Shellsort, also known as descending incremental sort algorithm, is a more efficient and improved version of insertion sort. Hill sort is an unstable sort algorithm.

To improve the

Hill sort is an improved method based on the following two properties of insertion sort:

Insertion sort has high efficiency when it operates on almost ordered data, that is, it can achieve the efficiency of linear sort
But insert sort is generally inefficient because it can only move data one bit at a time

Hill sort history

Hill sort, named after its designer Donald Shell, was published in 1959. Some older textbooks and reference manuals named the algorithm shell-Metzner, which includes Marlene Metzner Norton’s name, but according to Metzner herself, “I did nothing for the algorithm, and my name should not appear in the algorithm’s name.”

Algorithm implementation

The original algorithm implementation required O(n2) comparisons and swaps in the worst case. V. Pratt’s book makes minor changes to the algorithm, which can improve performance up to O(n log2 n). This is a little bit worse than the order n log n of the best comparison algorithm.
Hill sort improves the performance of insert sort by dividing all the compared elements into several regions. This allows an element to make one big step towards its final position at a time. The algorithm then takes smaller and smaller steps for sorting. The last step of the algorithm is ordinary insert sort, but by this step, the data to be sorted is almost already sorted (insert sort is faster).
Suppose you have a small piece of data at the end of an array sorted in ascending order. If you use a sort of O(n2) complexity (bubble sort or insert sort), it may take n comparisons and swaps to move the data to the right place. Hill sort, on the other hand, moves data with larger steps, so small data can get to the right place with only a few comparisons and swaps.
A more understandable implementation of Hill sort is to put array columns in a table and sort the columns (by insertion sort). Repeat the process, but each time with a longer column. You end up with just one column.

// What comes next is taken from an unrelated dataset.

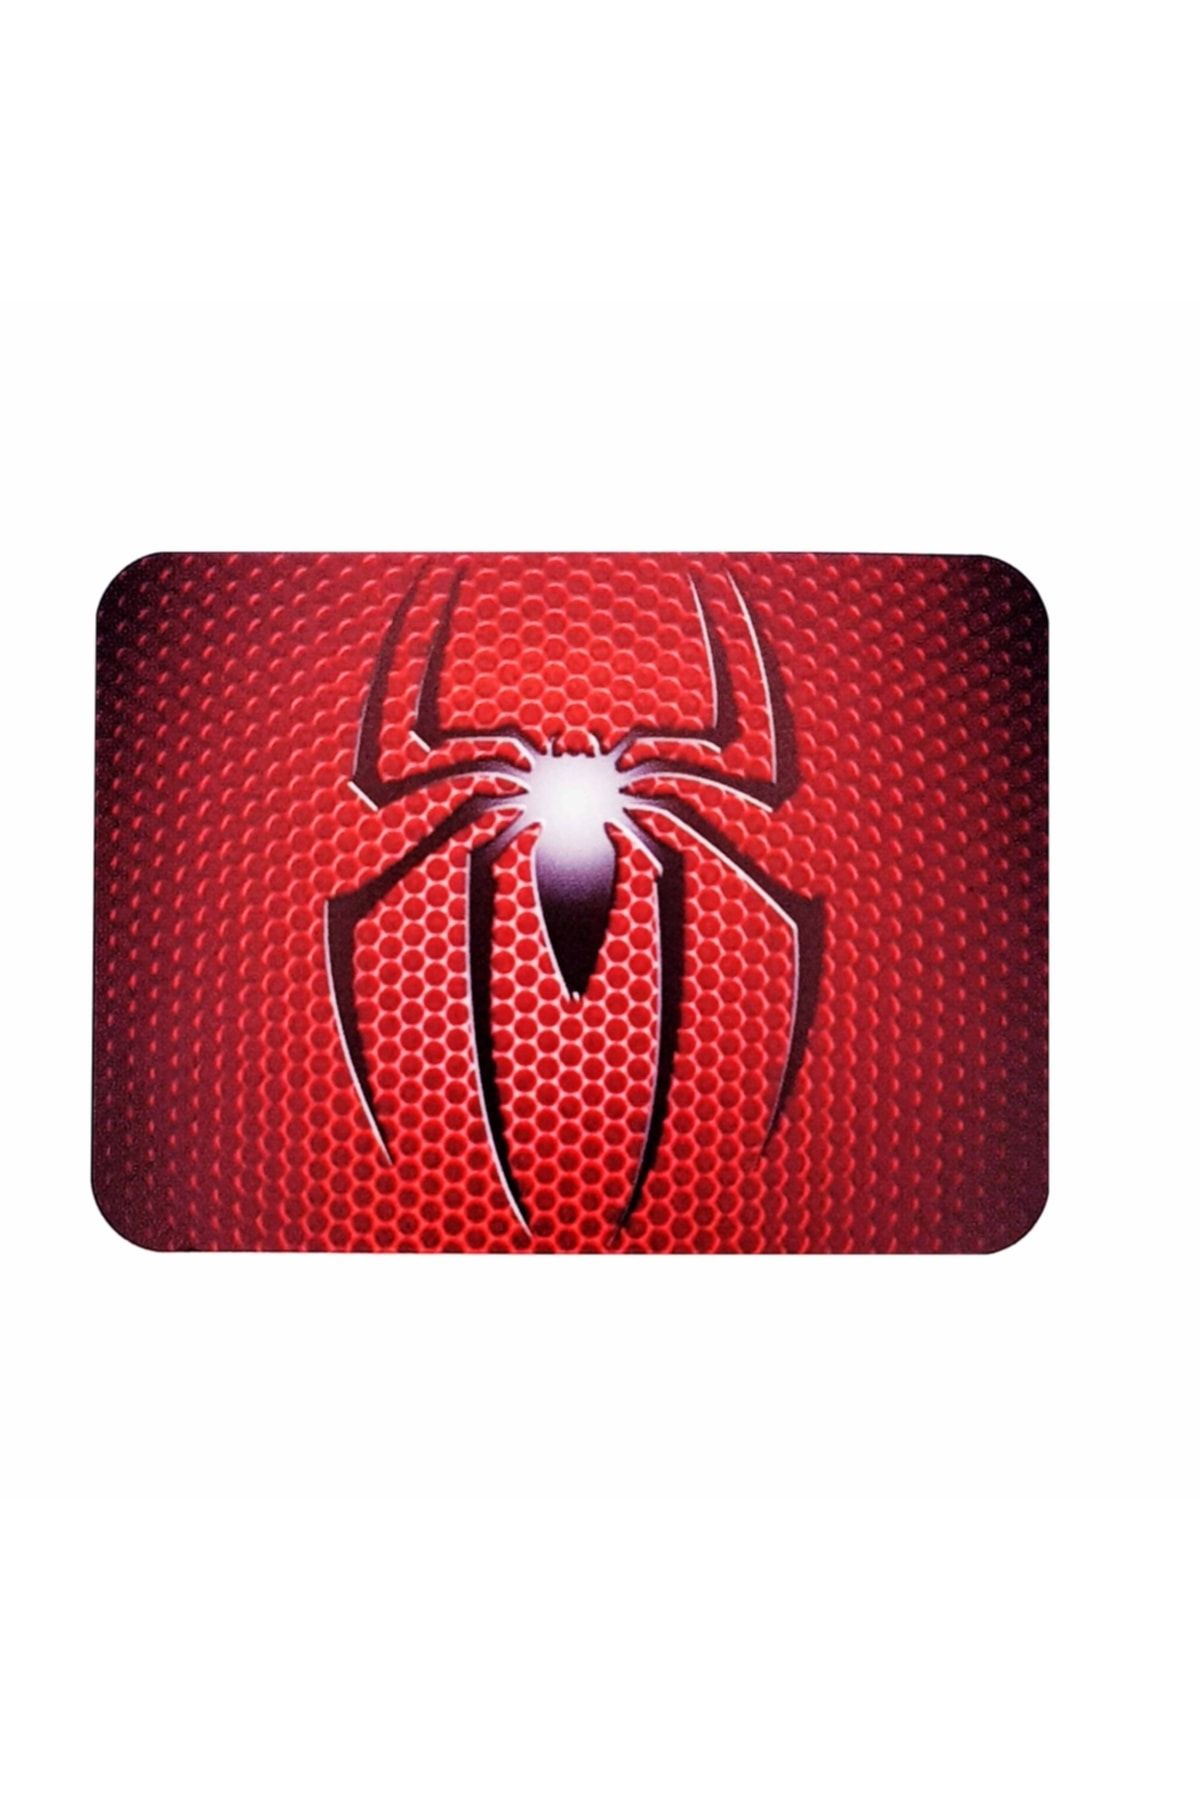 POPKONSOL Playstation 4 Touchpad Koruyucu Yapıştırma Spiderman Touchpad Sticker Ps4 Aksesuar Model 06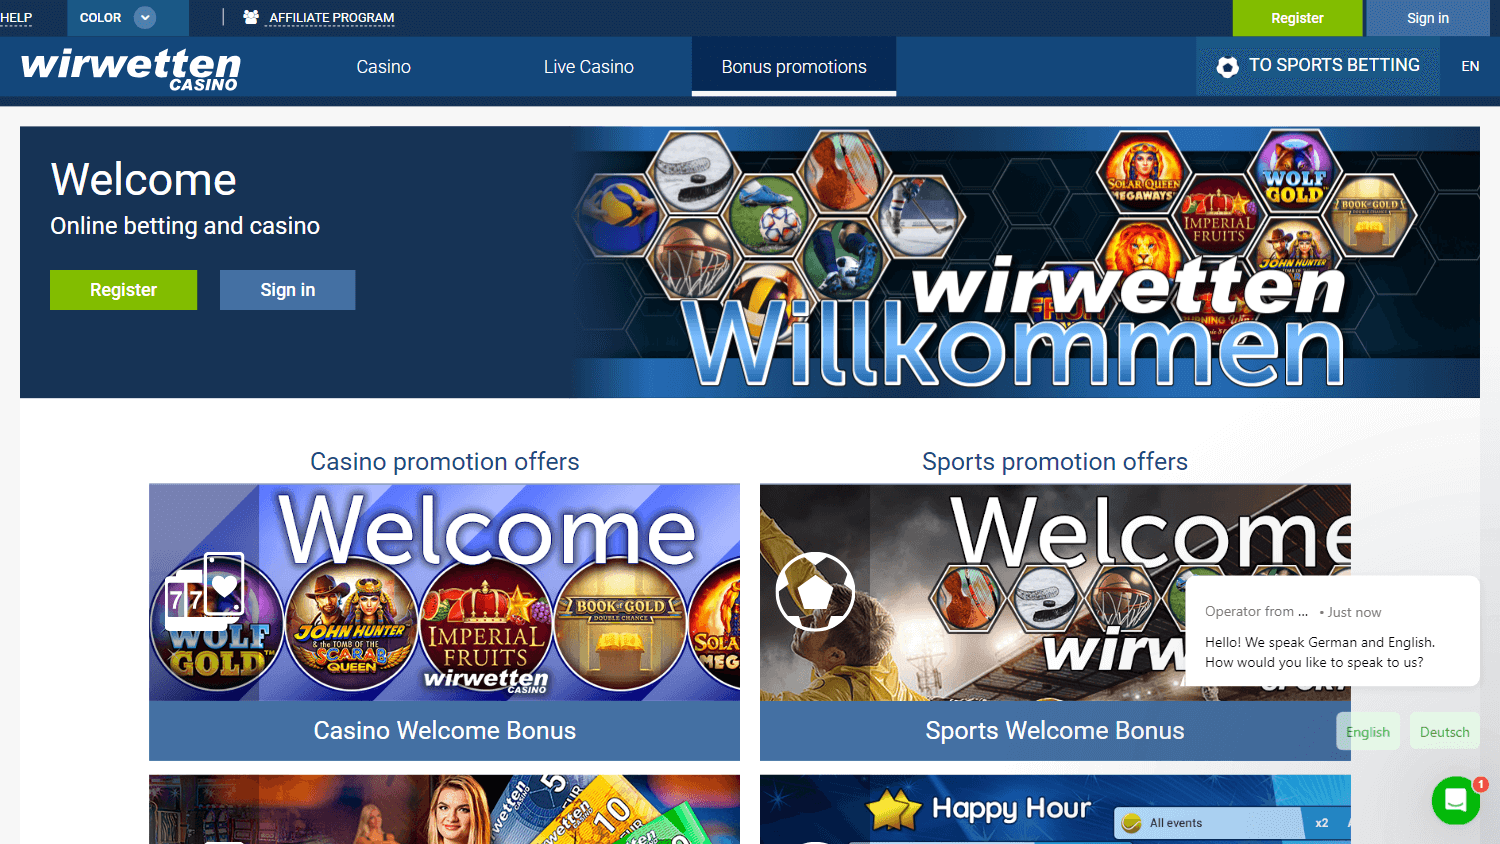 wir_wetten_casino_promotions_desktop

Converting an array to a table is to better understand the algorithm, which itself only sorts the original array (by increasing the index’s step size, for example I += step_size instead of I ++).
For example, if we have a set of numbers [13 14 94 33 82 25 59 94 65 23 45 27 73 25 39 10] and start sorting with steps of 5, we can better describe the algorithm by placing the list in a table with five columns, so that they should look like this:

13 14 94 33 82
25 59 94 65 23
45 27 73 25 39
10
Copy the code

Then we sort each column:

10 14 73 25 23
13 27 94 33 39
25 59 94 65 82
45
Copy the code

[10 14 73 25 23 13 27 94 33 39 25 59 94 65 82 45] At this point 10 has moved to the correct position, and then sort by step 3:

10 14 73
25 23 13
27 94 33
39 25 59
94 65 82
45
Copy the code

After sorting, it becomes:

10 14 13
25 23 33
27 25 59
39 65 73
45 94 82
94
Copy the code

Finally sort by 1 step (this is a simple insertion sort).

Algorithm stability

Hill sort is not a stable sorting algorithm.

Is it in place

What is the in situ algorithm?
- Not dependent on additional resources or on a few additional resources, relying only on the output to override the input
- The spatial complexity of 𝑂(1) can be considered as in situ algorithm
The non-in-situ algorithm is called not-in-place or out-of-place
Hill sort is in-place

Space-time complexity

Best time complexity: O(n)
Worst time complexity: O(N4/3)~O(n2)
Average time complexity: depends on step size
Space complexity: O(1)

Step sequence

The worst-case time complexity of the step sequence given by Hill himself is O(n2).
- Hill gave the sequence of step sizes as 1,2,4,8,16,32,64…
At present, the best known step size sequence and the fastest case time complexity is O(N4/3), which was proposed by Robert Sedgewick in 1986.
- 1，5，19，41，109…
The step size sequence given by Robert Sedgewick is implemented as follows

Private List<Integer>sedgewickStepSequence() {
		List<Integer> stepSequence = new LinkedList<>();
		int k = 0, step = 0;
		while (true) {
			if (k % 2 == 0) {
				int pow = (int) Math.pow(2, k >> 1);
				step = 1 + 9 * (pow * pow - pow);
			} else {
				int pow1 = (int) Math.pow(2, (k - 1) >> 1);
				int pow2 = (int) Math.pow(2, (k + 1) >> 1);
				step = 1 + 8 * pow1 * pow2 - 6 * pow2;
			}
			if (step >= array.length) break;
			stepSequence.add(0, step);
			k++;
		}
		return stepSequence;
	}
Copy the code

code

The simplest insertion sort is based on steps 1,2,4,8,16,32…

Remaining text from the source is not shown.